§ The problem:
Where the line containing "Lets Express 0.7505 as afraction" appears, begin retyping; continue exactly through the final line of the data. Omit every picture.

§ Supplied data:
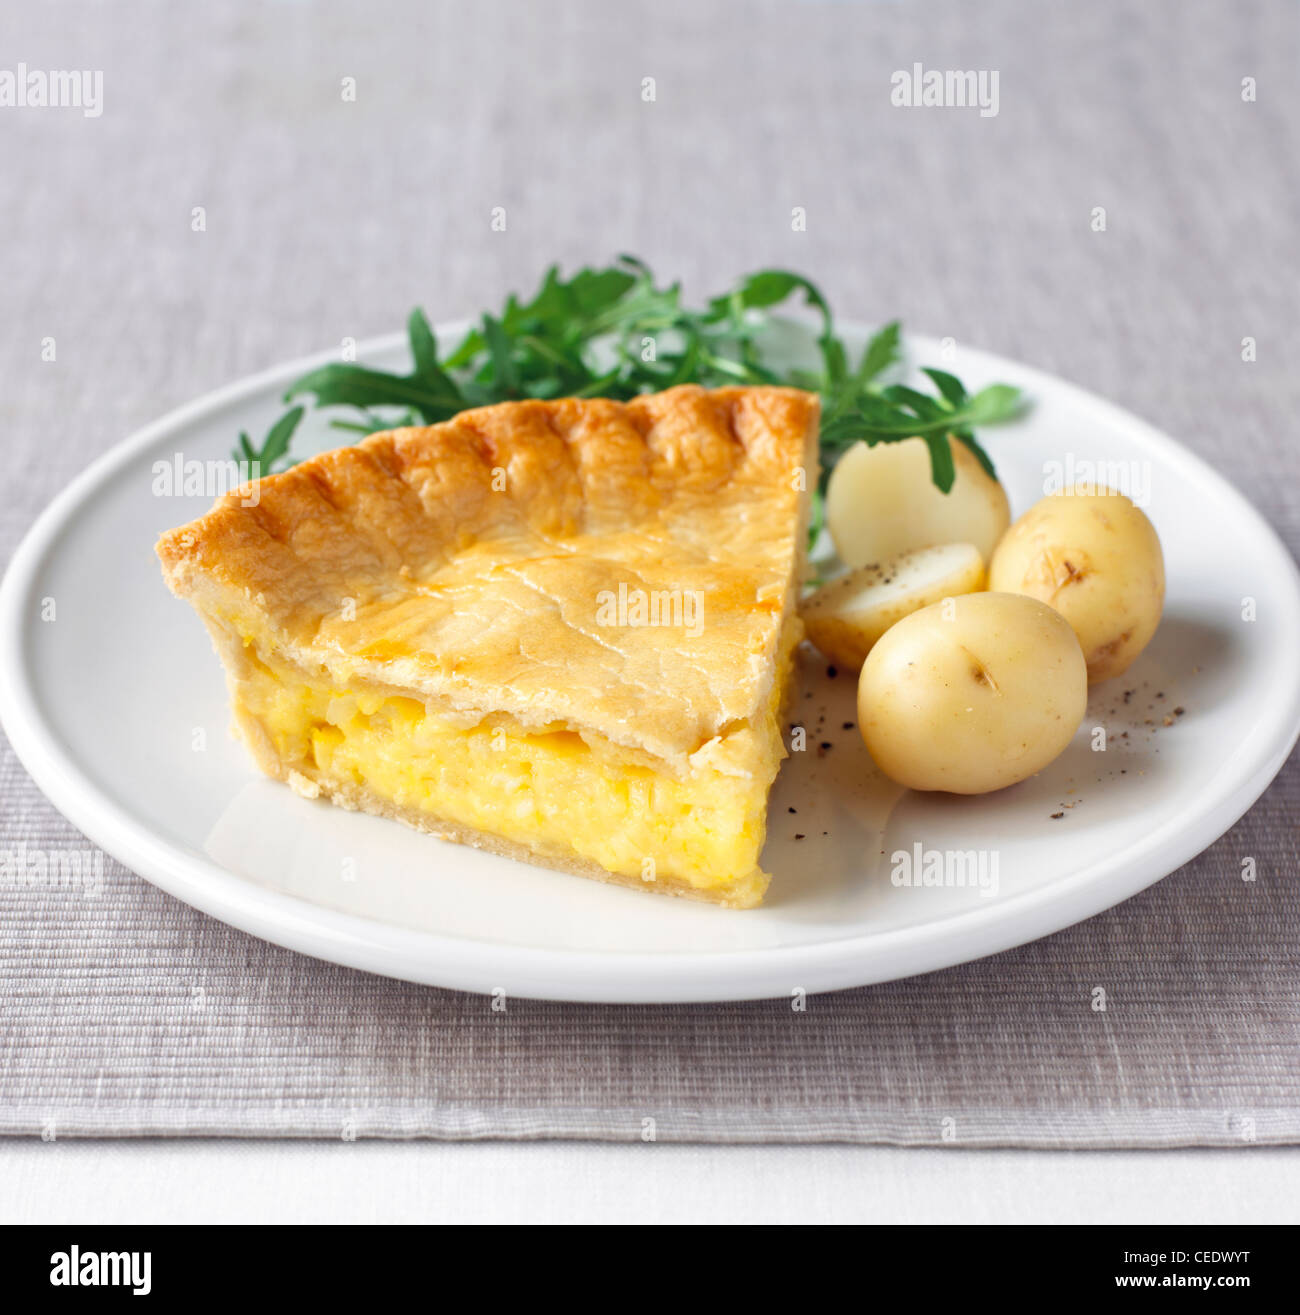 Cheese and onion pie with boiled potatoes Stock Photo
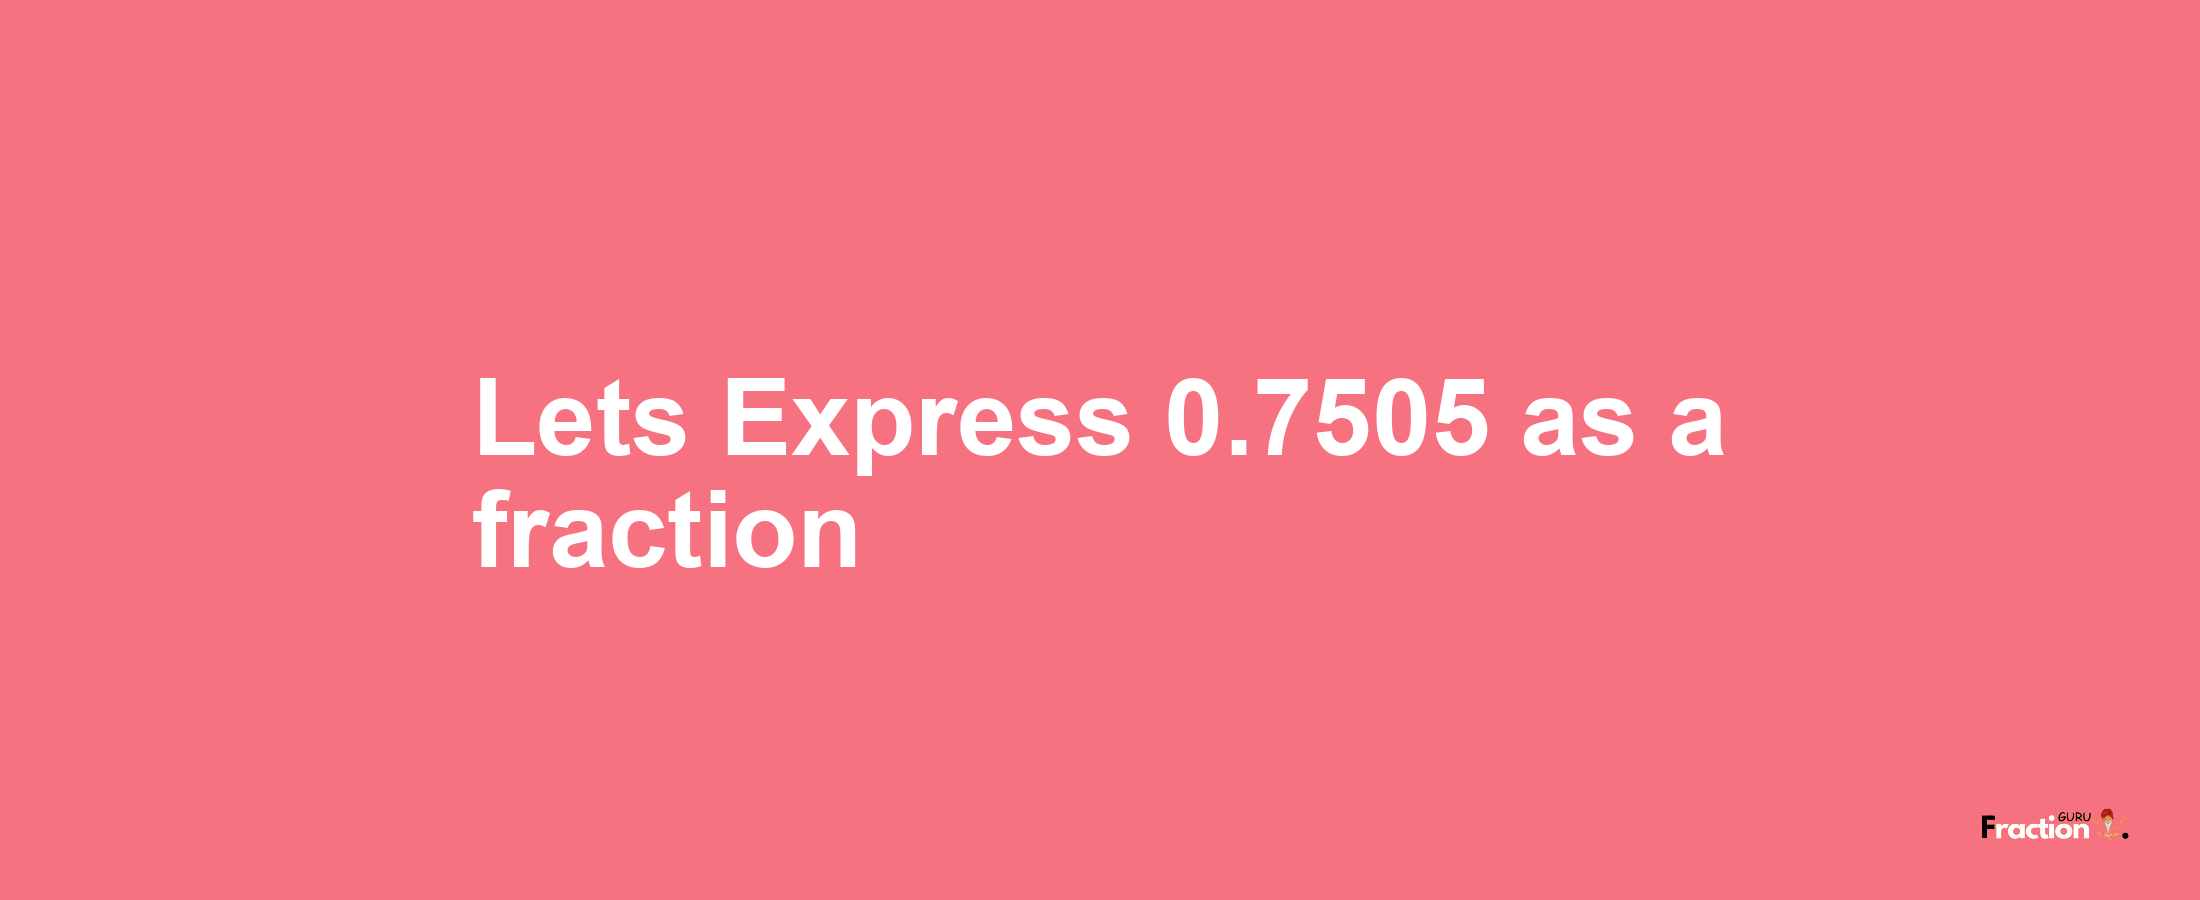 Lets Express 0.7505 as afraction
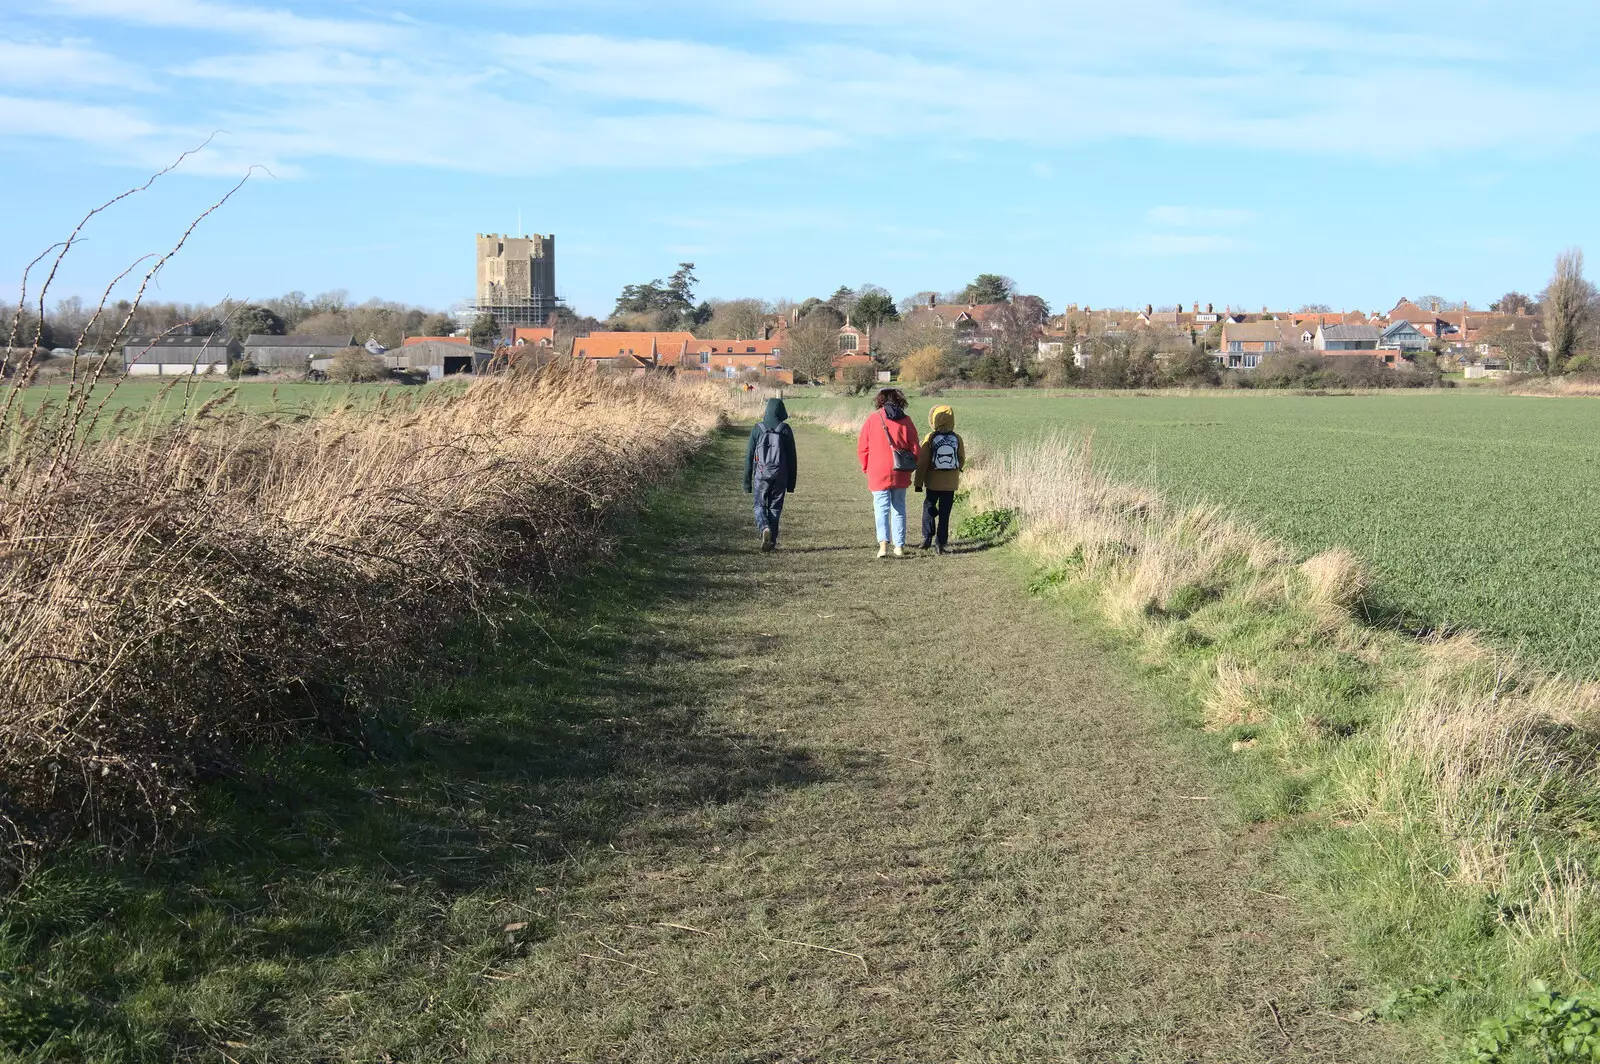 On the path to Orford, from A Trip to Orford Castle, Orford, Suffolk - 26th February 2022

§ Your response:
 Lets Express 0.7505 as afraction
 On the path to Orford, from A Trip to Orford Castle, Orford, Suffolk - 26th February 2022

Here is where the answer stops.